EXERCISE AIM: In full and word for word, copy the listing; no pictures belong in the copy.

*** Opening COLLECTED DATA ***

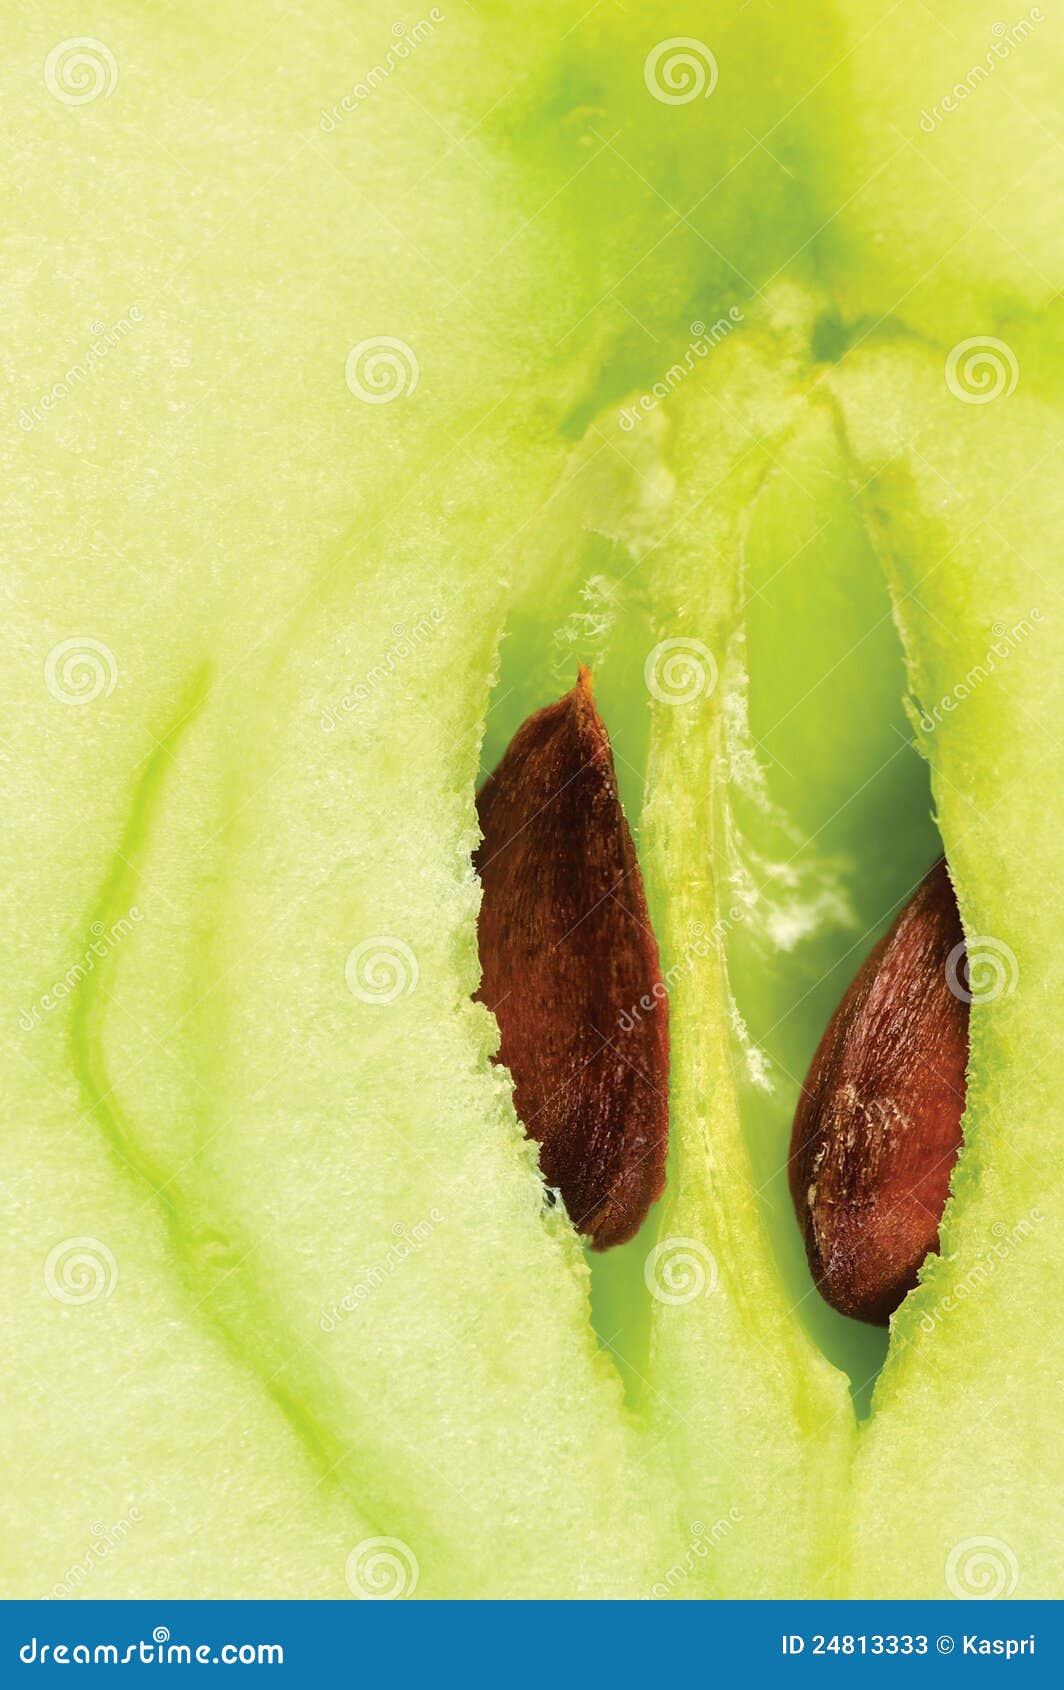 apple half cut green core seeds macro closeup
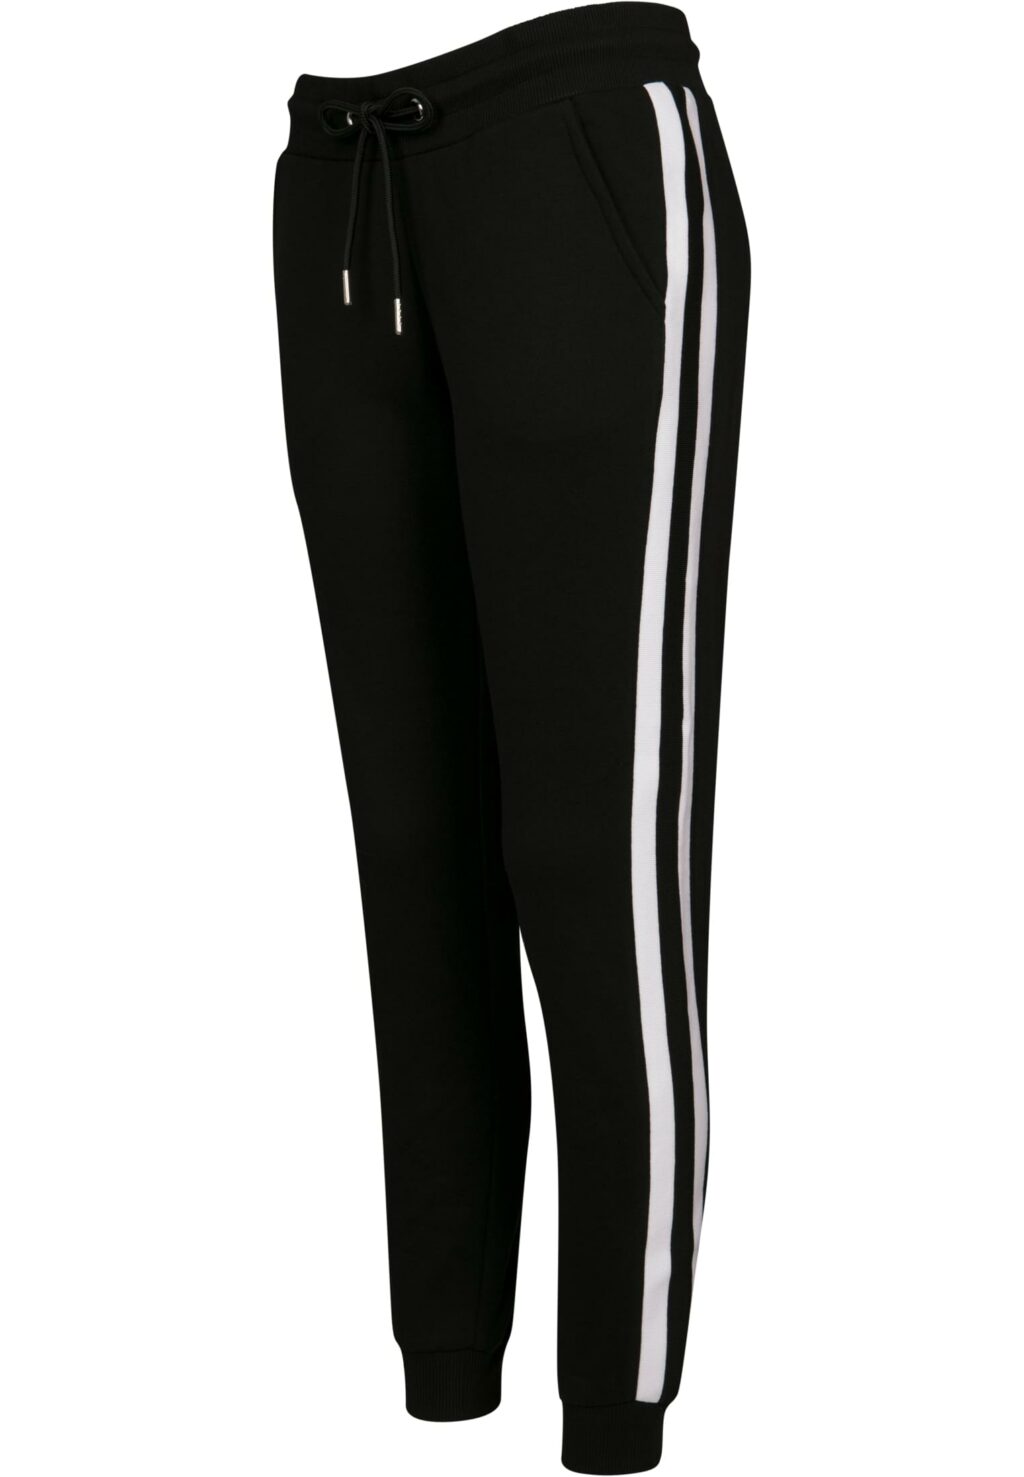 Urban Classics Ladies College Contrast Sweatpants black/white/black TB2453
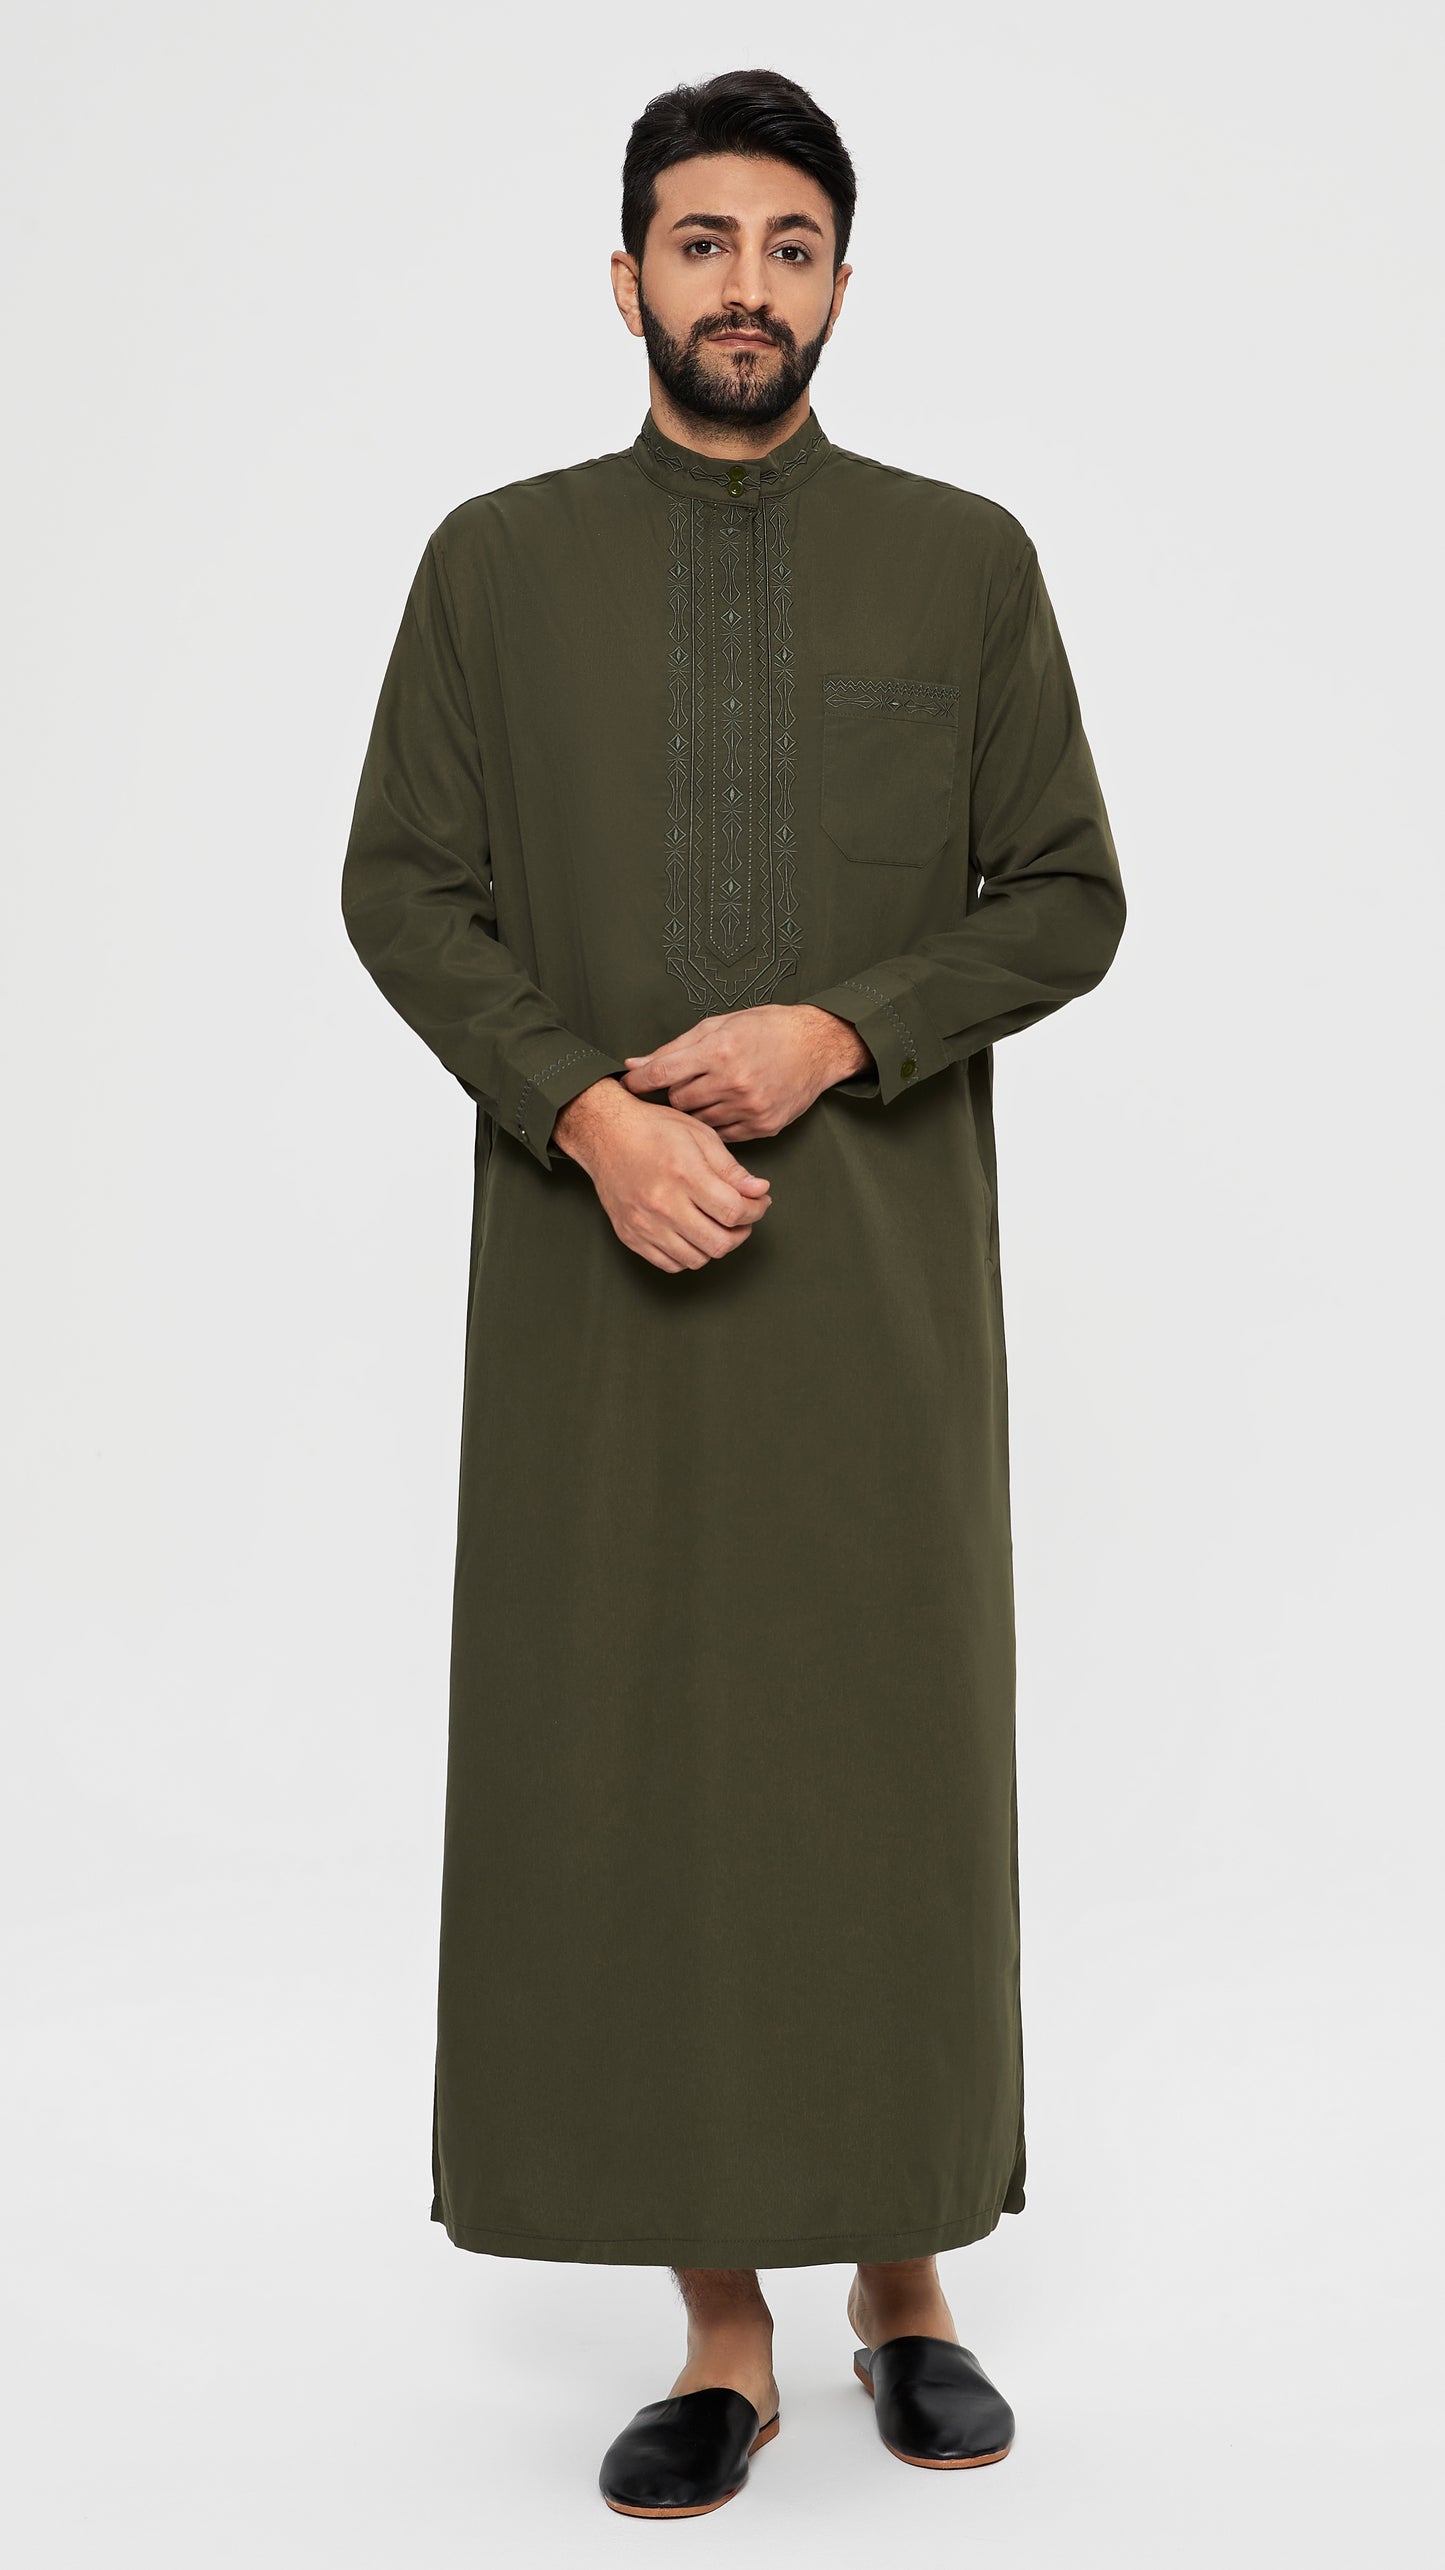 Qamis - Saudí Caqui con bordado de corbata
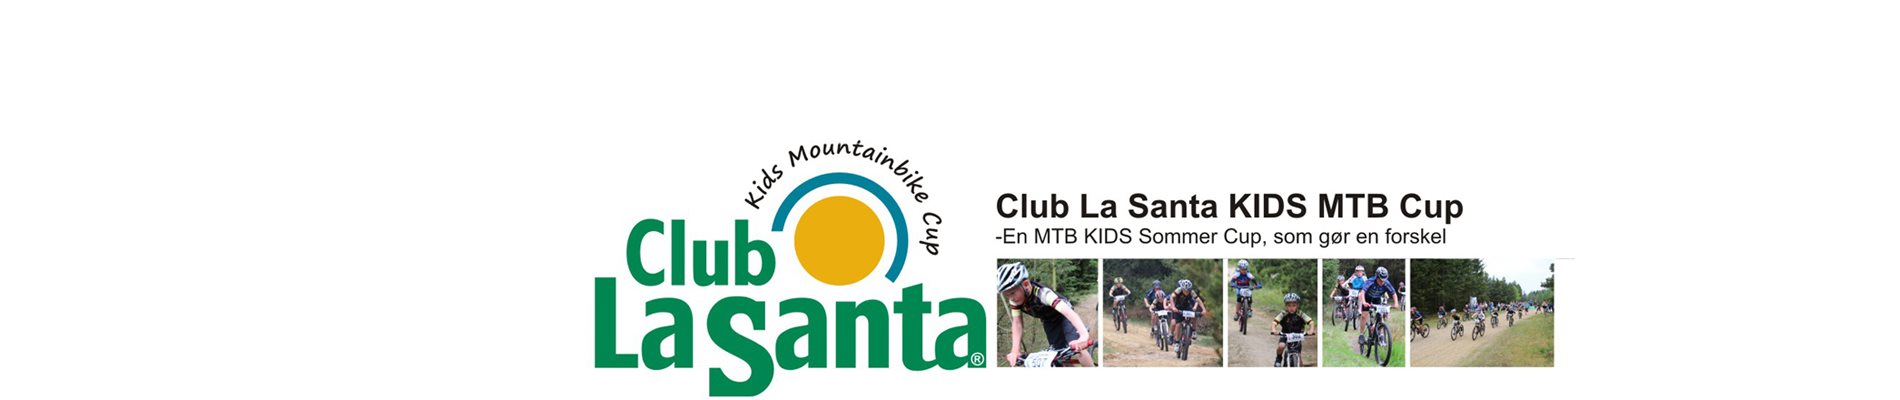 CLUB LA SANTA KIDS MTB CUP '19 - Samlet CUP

*** Closing COLLECTED DATA ***

ANSWER BOX:
 apple half cut green core seeds macro closeup
 Urban Classics Ladies College Contrast Sweatpants black/white/black TB2453
 Qamis - Saudí Caqui con bordado de corbata
 CLUB LA SANTA KIDS MTB CUP '19 - Samlet CUP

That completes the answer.